5.3 You also agree and acknowledge that the Prime Broker may set off any your payment obligations across Exchanges in its full discretion.
6. Indemnity and Risks
6.1 You shall fully and promptly indemnify the Prime Broker, its officers, directors, employees, agents and affiliates from and against any taxes and all claims, proceedings, expenses, Costs, Losses, damaged and liabilities of every description which may be sustained or incurred by, or asserted against, the Prime Broker, its officers, directors, employees, agents and affiliates in connection with or arising out of the settlement of any Prime Brokerage Order and the performance of the Prime Brokerage Services provided pursuant to this Schedule.
6.2 You agree and acknowledge that:
(a) Trading of Digital Assets has associated risks and may result in partial or total loss of your Digital Assets.
(b) Digital Assets are inherently volatile and may generate unpredictable and unforeseen risks, therefore any and all Losses arising from use of the Prime Brokerage Services is borne by you and the Prime Broker shall not be held liable in any manner whatsoever. Please read the Risk Disclosure Statement carefully before using the Prime Brokerage Services.

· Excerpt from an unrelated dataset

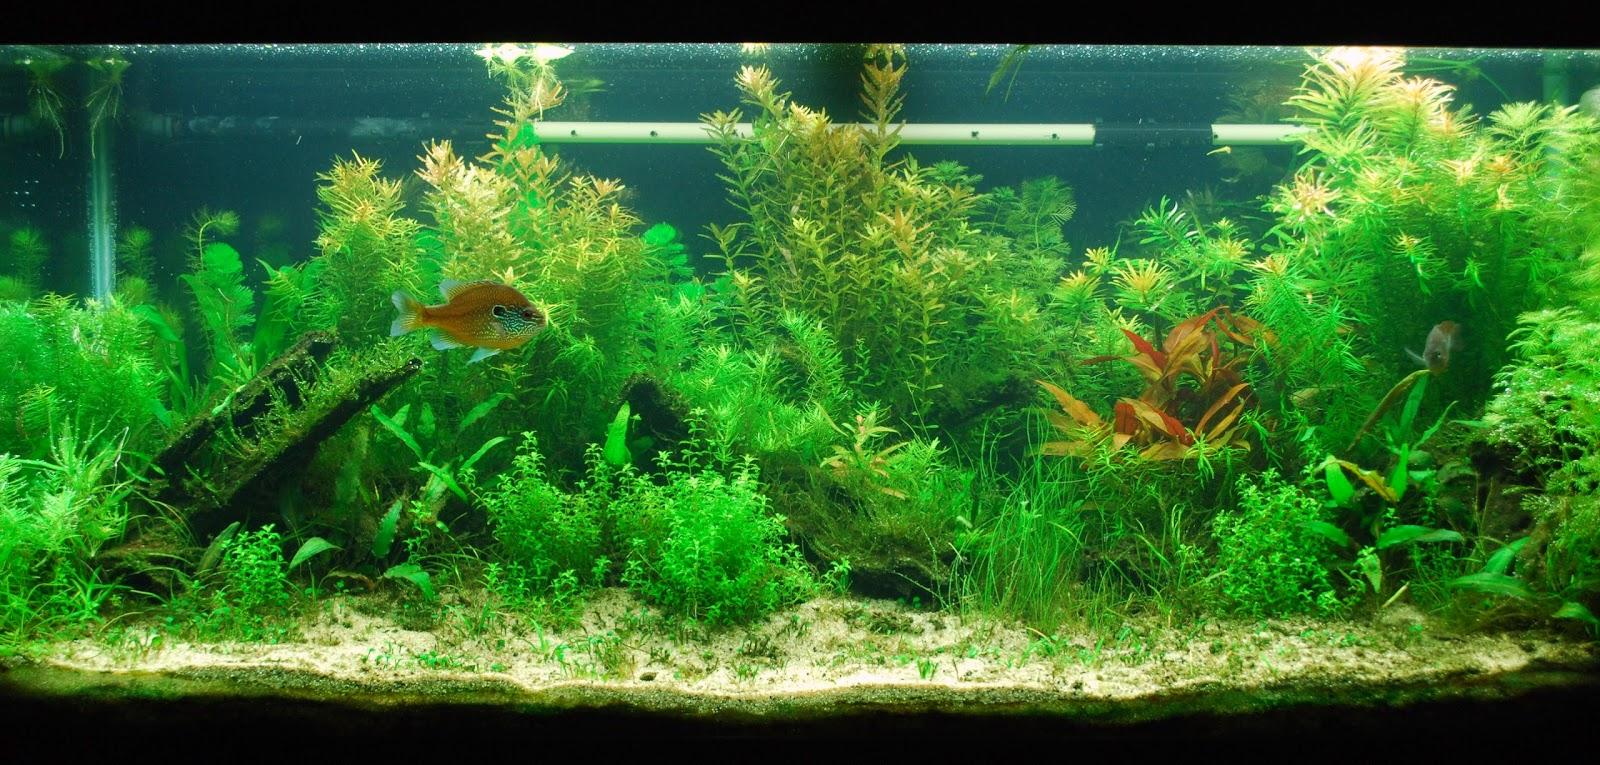 Combining Elements Of AmanoTakashiu0027s Nature Aquarium, Diana Walstadu0027s  Natural Planted Aquarium, And The Japanese Igwami Styles I Create Focussed  Aquascapes ...

(c) You are fully responsible for maintaining your knowledge of and adherence to and compliance of the relevant Exchange Terms, including but not limited to collateral requirements and adequacy.
(d) Your Digital Assets, when held on Exchanges, will be subject to the counterparty risk or any specified or unforeseen risks of that relevant Exchange and the Prime Broker shall not be held liable for any Losses or Costs incurred by you under any circumstances.